My eyes fly open, my sister asleep on the couch close by. I call up for her to come quickly. As I hold Glory in my arms and take her hand in mine, my sister kneels on the other side of the bed and takes her other hand. My brother and younger daughter joins us as we pray for Glory’s soul to be blessed and find everlasting peace.
At 3:44 AM, Glory takes her last breath. She's surrounded with an abundance of love from her family.
I didn't know the process that the human body goes through before the heart stops beating and the last breath is taken. That the organs shut down one at a time. I now know. I watched Glory die slowly from the moment they let me into the nursing home. I entrusted her care in the hands of the wrong people.
Not many understand the extent of my love for my mother. I love her as a child loves her mother.

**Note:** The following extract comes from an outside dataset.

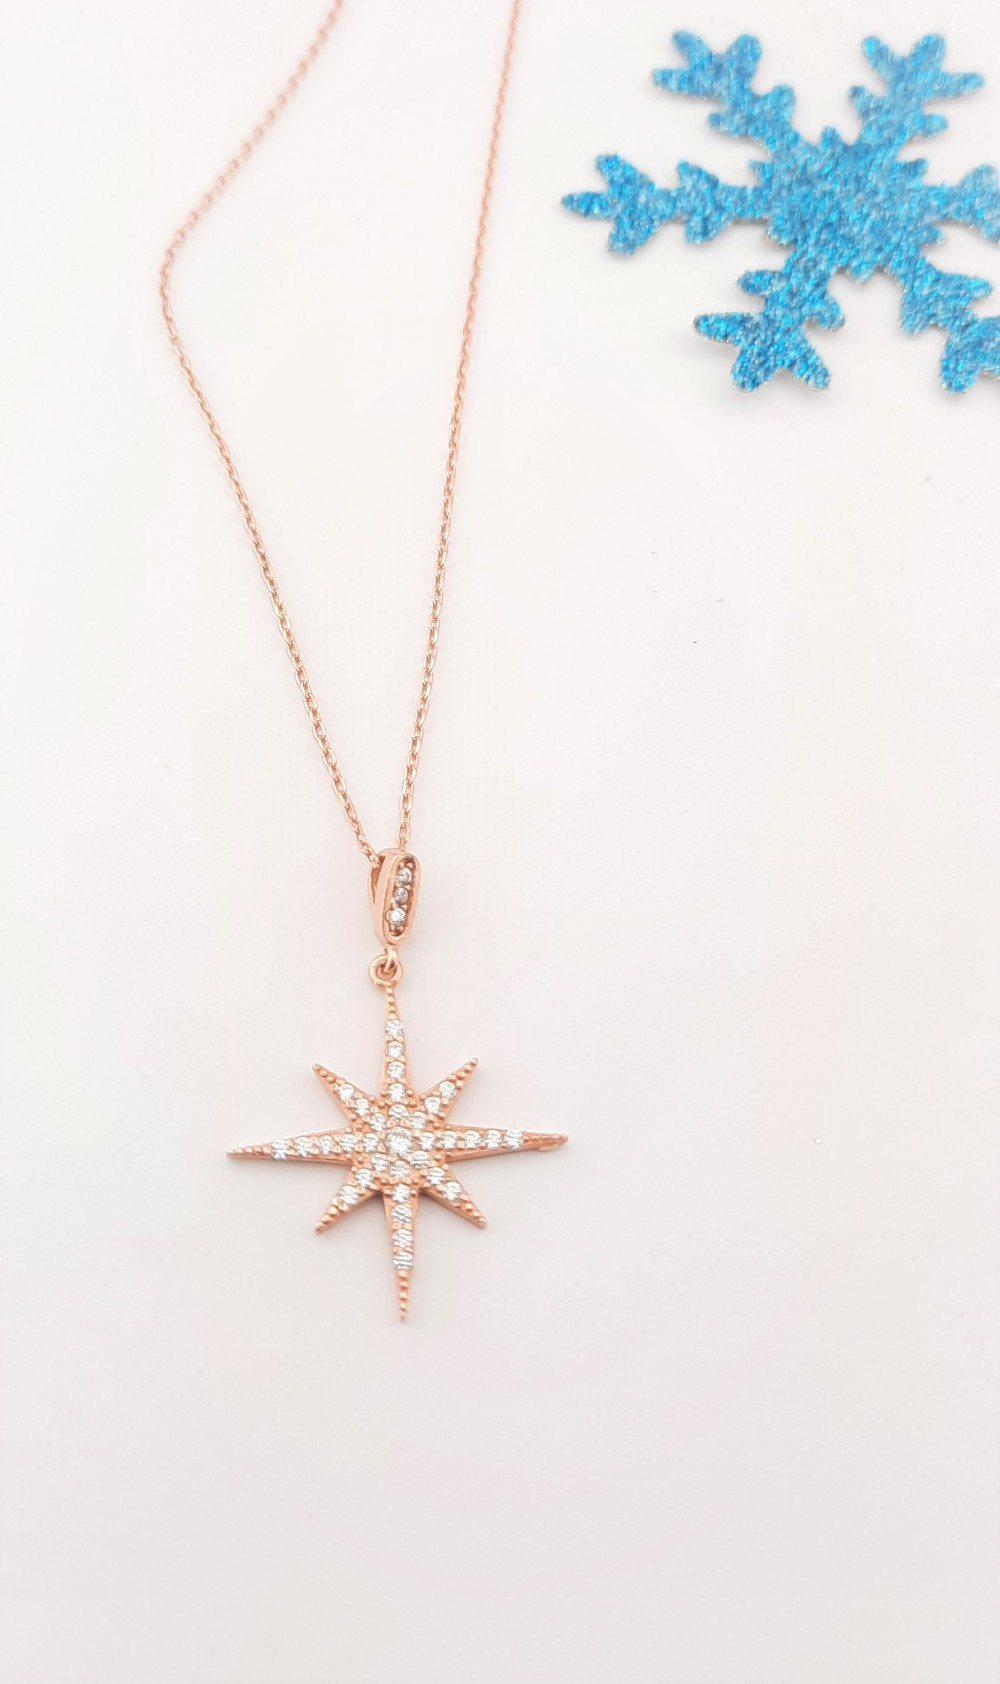 Kutup Yıldızı Rosegold Gümüş Kolye

I love her as a mother loves her child, as my child, as my baby. Yes, I am her daughter but I took care of her as her mother, as her caregiver, as her protector. I fell deeply in love with my mother, with my Glory.
In truth, when my mother became ill with Alzheimer's, I found my life's purpose. To care for her, to protect her and, above all others, to love her and return to her the love she unconditionally gave to me. I needed her more than she needed me.
Life after mom, it's different. I see everything differently. My lens is simplified. There is a hole in my heart. A part of me is missing. I carry a silent sadness.
I came from her and now she's gone and I'm still here, lost in grief.